And remember how before the feds cracked down on airport security, it was common practice to actually go to the gate to meet someone? When my grandma would fly down from Seattle for her yearly visit the best part was waiting at the gate for her plane to arrive. With my hands glued to the metal gate I watched these airport workers with fluorescent vests and long flashlights “tell” the plane where to go. I decided that is what I wanted to do one day.

Fast-forward 20 years later
I am not in fact directing airplanes, (although I am sure this odd desire says something about my personality and my desire to be in charge, arranging and directing and telling students what to do) but I still do love airports.

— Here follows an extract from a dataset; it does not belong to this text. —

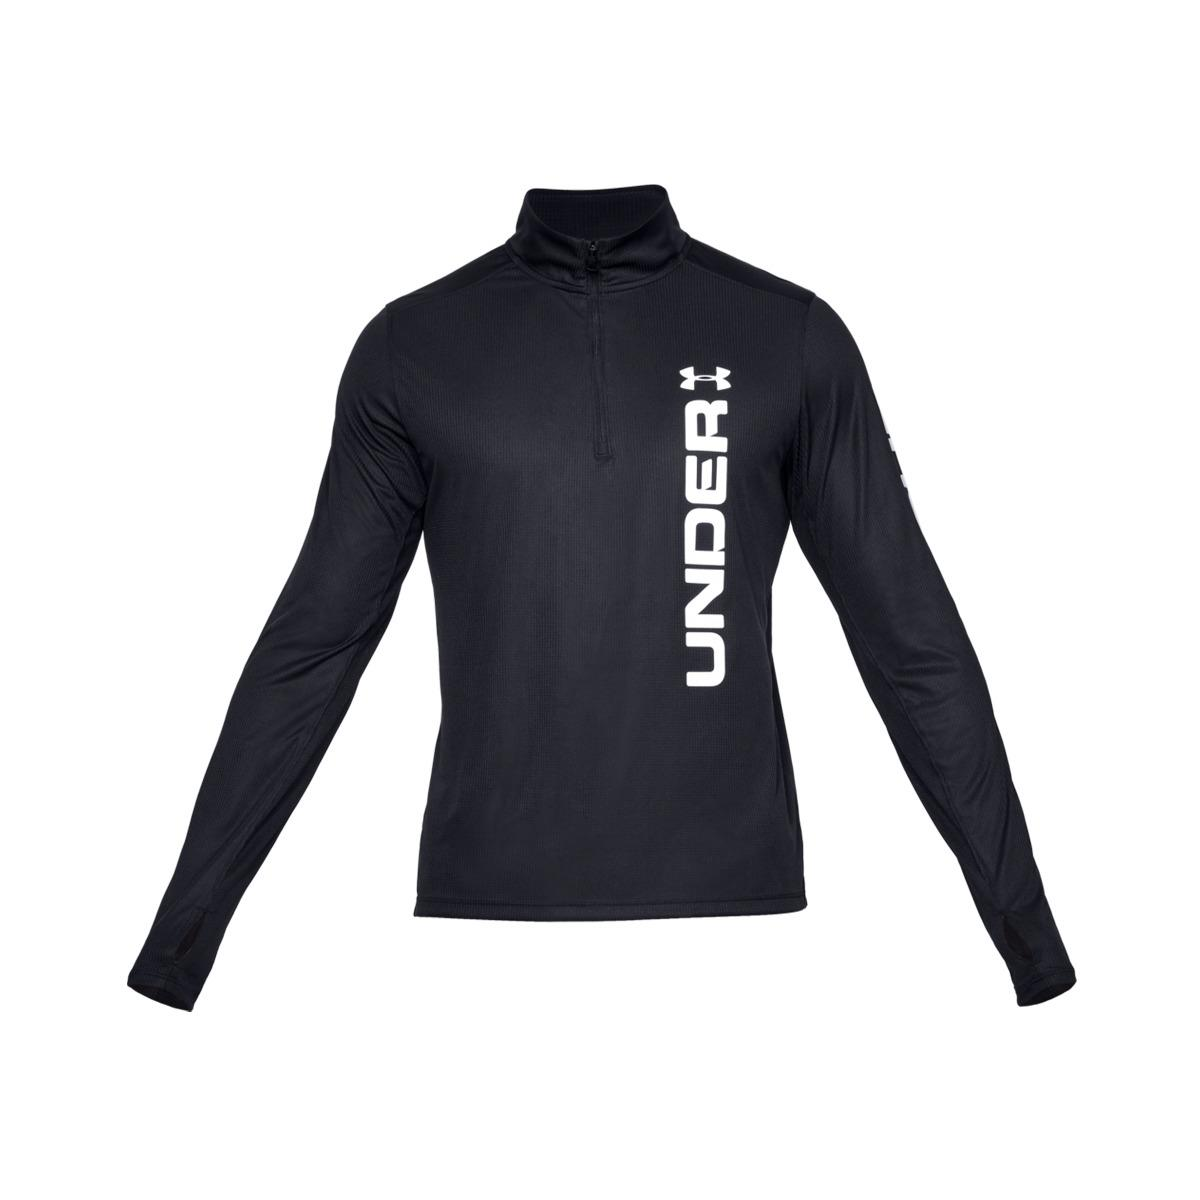 9f1d35adec3 Lyst - Under Armour Camiseta De Hombre Speed Stride Spli in Black ...

I love airports because they remind me that traveling is about the process. I am convinced that if we could magically zap ourselves through some wrinkle in time to another city or country in an instant it would not hold the same appeal.

Traveling is about the process of packing and preparing. There is an anticipation and that looking forward to feeling. Traveling is contingent on lines and waiting and walking and then more lines, waiting and sitting. A process that sometimes feels inefficient and tiresome, but it reminds me that sometimes it’s not about me.

At any given time there are hundreds of passengers wandering around the airport, going a million different places, and you know what? We all want the same thing. We all want to make our flight and leave on time and get a good seat on a perfectly functioning plane that will arrive safely at our desired destination. So it’s not about really me and where I want to go per se. When I remember this I look around and notice what a fascinating place airports are- people of different cultures and countries and languages congregate in the same place for a few short hours: weary business men, adventurous backpackers and love struck honeymooners all wait for the same flight.

Contrary to how I usually do life, I actually enjoy this process.

The waiting.

And the watching.

And the sitting.

This is where surprising conversations happen with strangers and observant people watching skills come in handy. This also becomes my favorite book reading, magazine perusing and journal writing time. This process invites me to relax and let go. I cannot control the weather or make the line move any faster. I cannot hurry up the boarding process or change my seat. All I can do is enjoy the process and in that, there is a kind of freedom.

Tomorrow I get to embark on this process.
I will greet my first of three airports before the sun rises. And then arrive in Boston sometime tomorrow evening. I am looking forward to a day of travel, but even more so I am looking forward to spending 4 days with my incredible sister, Steph.

(And yes, I am still holding out for my dream: maybe one day I’ll get to sport the florescent vest and over-sized flashlights so I can “tell” the planes where to go)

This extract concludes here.